As nice as it is to “feel out”, I want to be able to SEE any of those things I feel — spatialize the state space. Plot everything as a function of everything else, see the steepest slopes, marginal sensitivities, etc. A kind of phase space, idk. Ideally with the same visualization. Explode it along a third axis of all possible values of the current parameter... yessssssss that'd be so good, so doable. Whichever parameter you're currently holding, explode out all possible values along the z-axis, so you can see the nonlinear effects of dragging by dx.
I still want to make something that captures some feeling I have of weighing prior and posterior confidences, and the updating flowing one way or the other accordingly, almost hydraulically.
Discussion question ideas, like if I were trying to teach this
- How to interpret positions of lines
- P(¬A) and P(¬B) are not explicitly shown. What are they?
- Why don't we need separate controls for "not A" and "not B"?
- Why is it a square? Does it matter? What might other rectangles mean?
- What does and doesn't change when you click a grayed-out probability?
- Calculate the area of a segment and compare to the symbolic rules for probabilities. How do you interpret the areas?
- Calculate an area as a fraction of another larger area. How would you interpret that fraction?
- Something about dependence and independence of various variables (probabilities) wrt others
- Something about linear vs nonlinear responses to other variables (probabilities)
- Drag P(B|A) and watch P(B). Is there a maximum or minimum value of P(B) you can achieve? What is it? What about if you drag P(B|A) and watch P(A|B)?
- Try to get P(A|B) to equal P(B|A). What has to be true? Can you get them to equal any other way, or is your solution unique?
- Under some circumstances, these relationships simplify to something more intuitive or linear. Can you find examples? Why might those situations be confusing?
- Consider P(B) is very small and P(A|¬B) is very big. Drag P(A|B) between 0 and 1 and in-between. As you move it, how does P(B|A) move? What does it move between, roughly? At the same speed? I.e., if you change P(A|B) by some amount — let's say 0.1 — does P(B|A) always change by roughly the same amount, no matter what P(A|B) is? What is that amount?
To-do
- Interactions should maybe be more obvious... ghost cursor?

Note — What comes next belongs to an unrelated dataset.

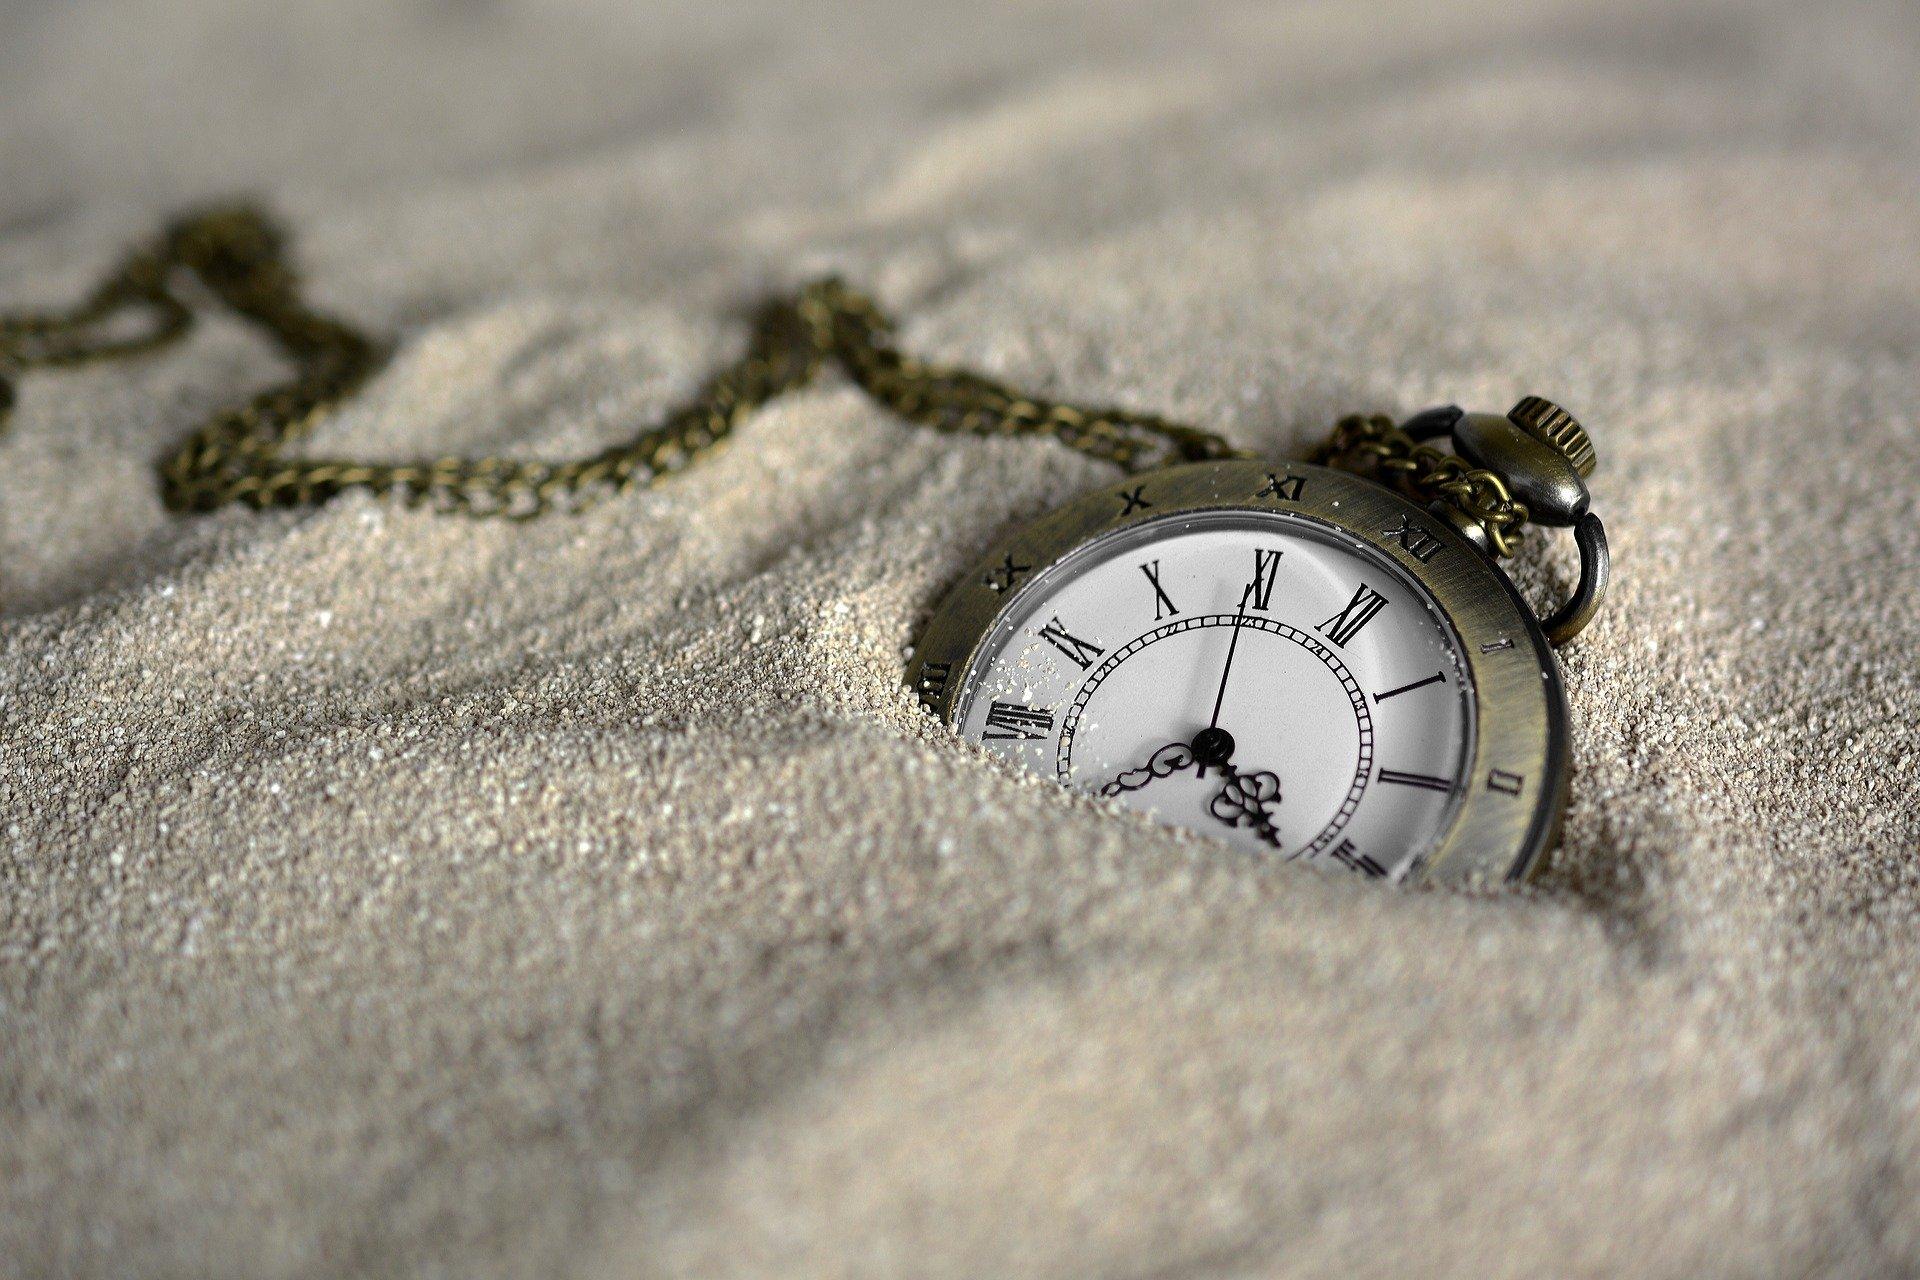 Zeit - anncapictures (pixabay)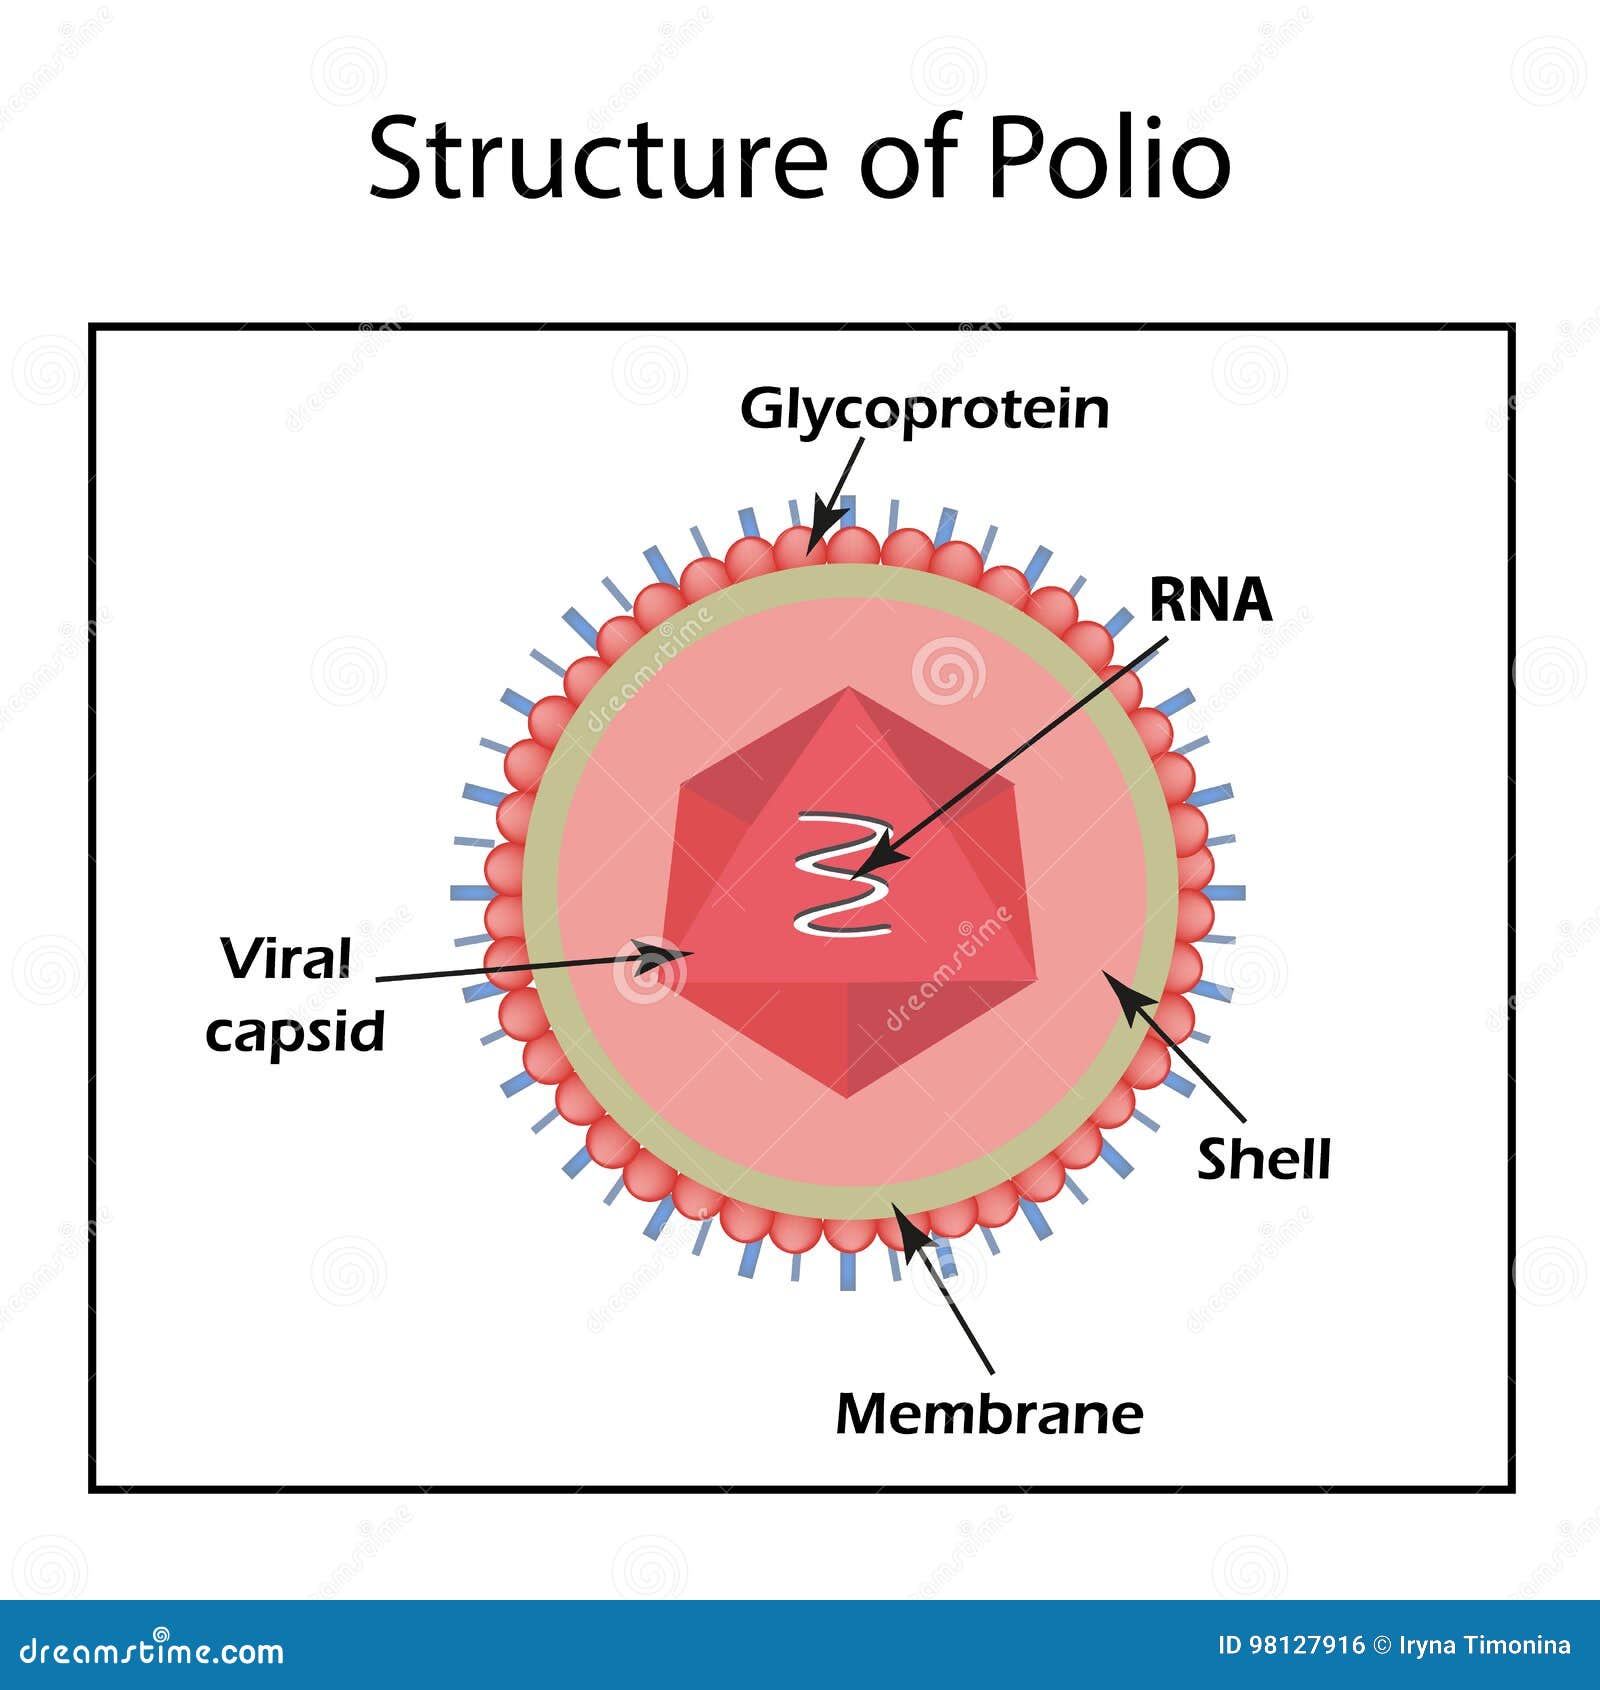 the structure of the polio virus. enterovirus.

- ✅ Label areas: P(A ⋀ B), P(A ⋀ ¬B), P(¬A ⋀ B), P(¬A ⋀ ¬B)
- ✅ Smoothly transition from A|B lines to B|A lines (ghosting the past lines and transitioning solid ones to new spots through the diagonal)
- Show derivations and definitions on hover
- Add a hover-sensitive plain text summary sentence caption ("If B is true, then the probability of A is the probability of A and B divided by the probability of A...", highlighting the relevant quantities and areas, maybe color-coding)
- Add covariance as a lever to fiddle with (closely related but not identical to the diagonal??)
- Toggle independence of A and B (or total dependence?)
- One day a more constructive writeup would be good...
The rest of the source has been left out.